Any payments made that are not justified by this General Iska Agreement shall reduce the principal balance of this Iska. Future payments shall be adjusted accordingly so that all payments remain consistent with the applicable transaction document.
The Company may obtain funding from parties not subject to the Laws of Ribbis via the sale or assignment of transaction documents. Upon such sale, and subject to the conditions set forth herein, this General Iska Agreement shall have no further effect.
This General Iska Agreement shall apply to any applicable transaction document regardless of whether it is referenced therein. In the event of any conflict, the terms of this General Iska Agreement shall prevail.
This General Iska Agreement is intended to be enforced solely in Beis Din and shall not be enforceable in any federal, state, or local court of the United States.
Any disputes shall be adjudicated by the Rabbinical Court Eitz Chaim of the Business Halacha Institute, or such other Beis Din as selected by Gate Rock Capital.
This General Iska Agreement was adopted by the Board of the Company and is binding upon the Company and its shareholders as a corporate bylaw.

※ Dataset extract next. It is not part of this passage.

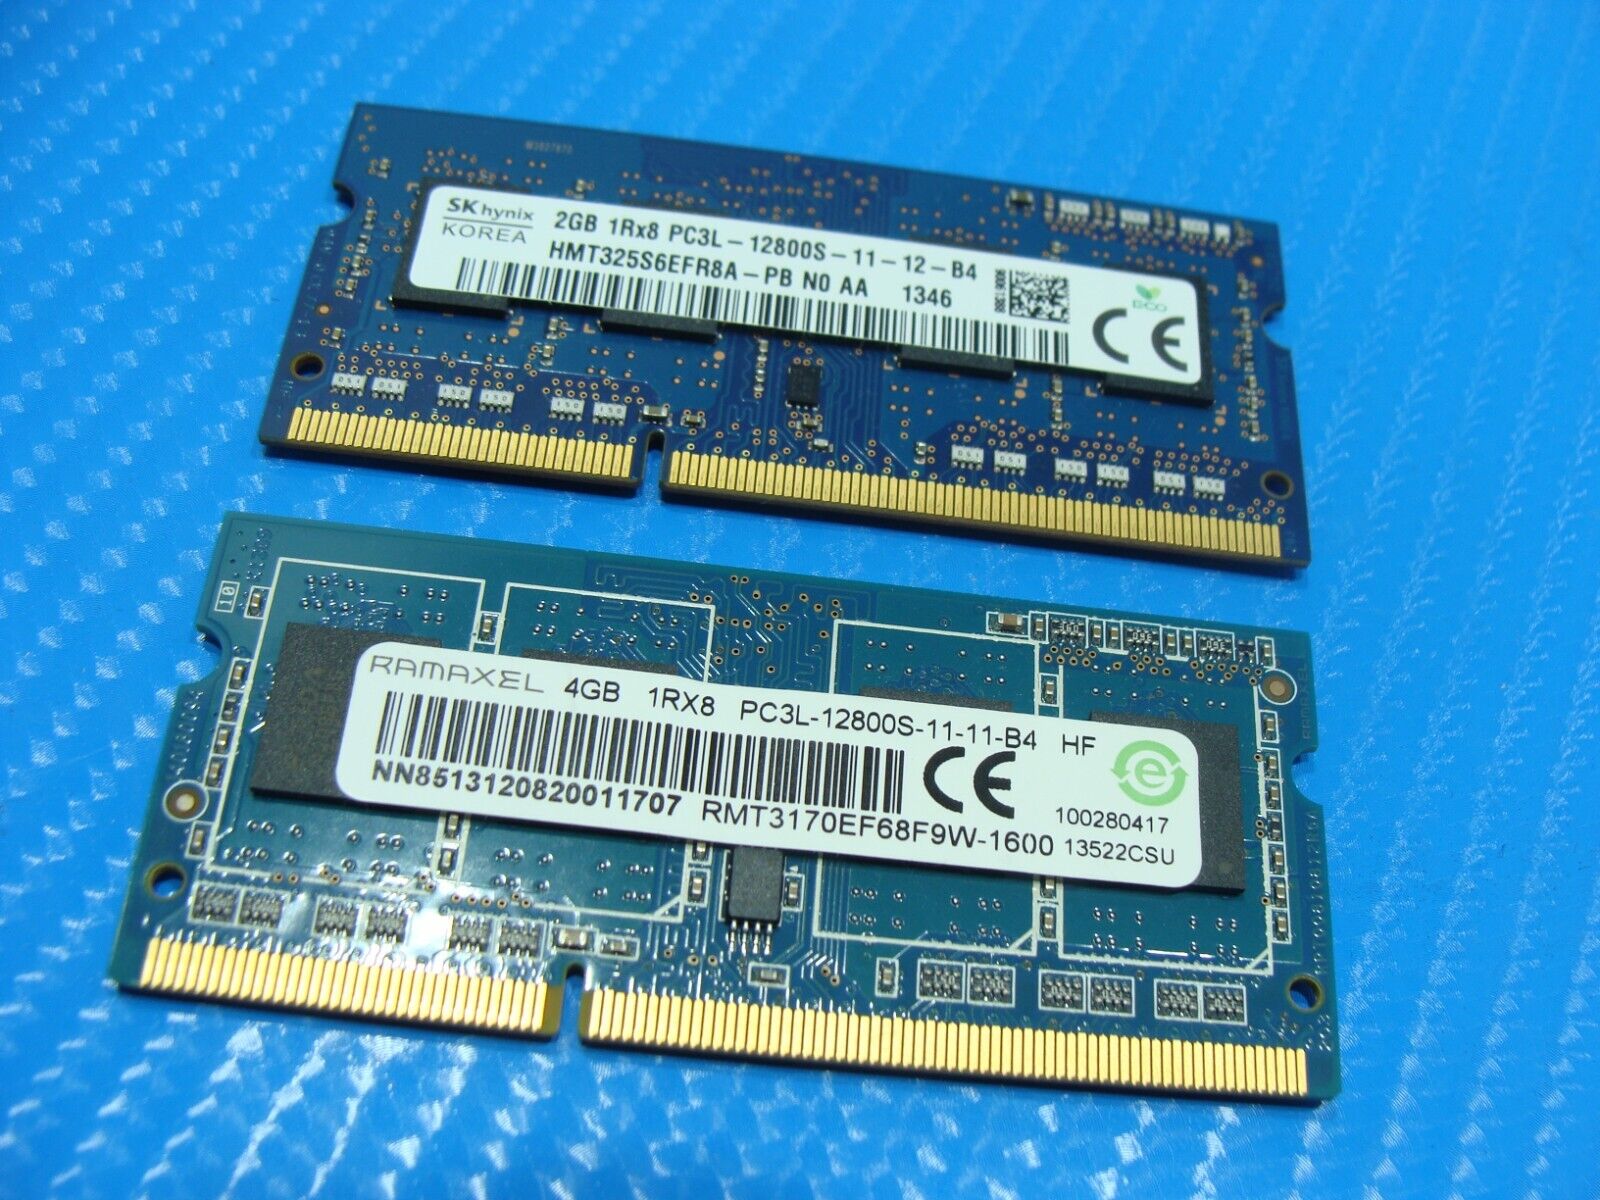 HP Envy 15-j 6GB (2GB & 4GB) Memory RAM SO-DIMM PC3L-12800S RMT3170EB68F9W-1600

Even if any party is unaware of this Heter Iska, the transaction shall nevertheless be deemed an Iska pursuant to this Agreement, as all dealings with the Company are conducted in accordance with its halachic rules.
From the effective date above, all transactions of the Company shall be governed exclusively by the terms of this General Iska Agreement. This Agreement has been effected with a proper Kinyan and is not an asmachta.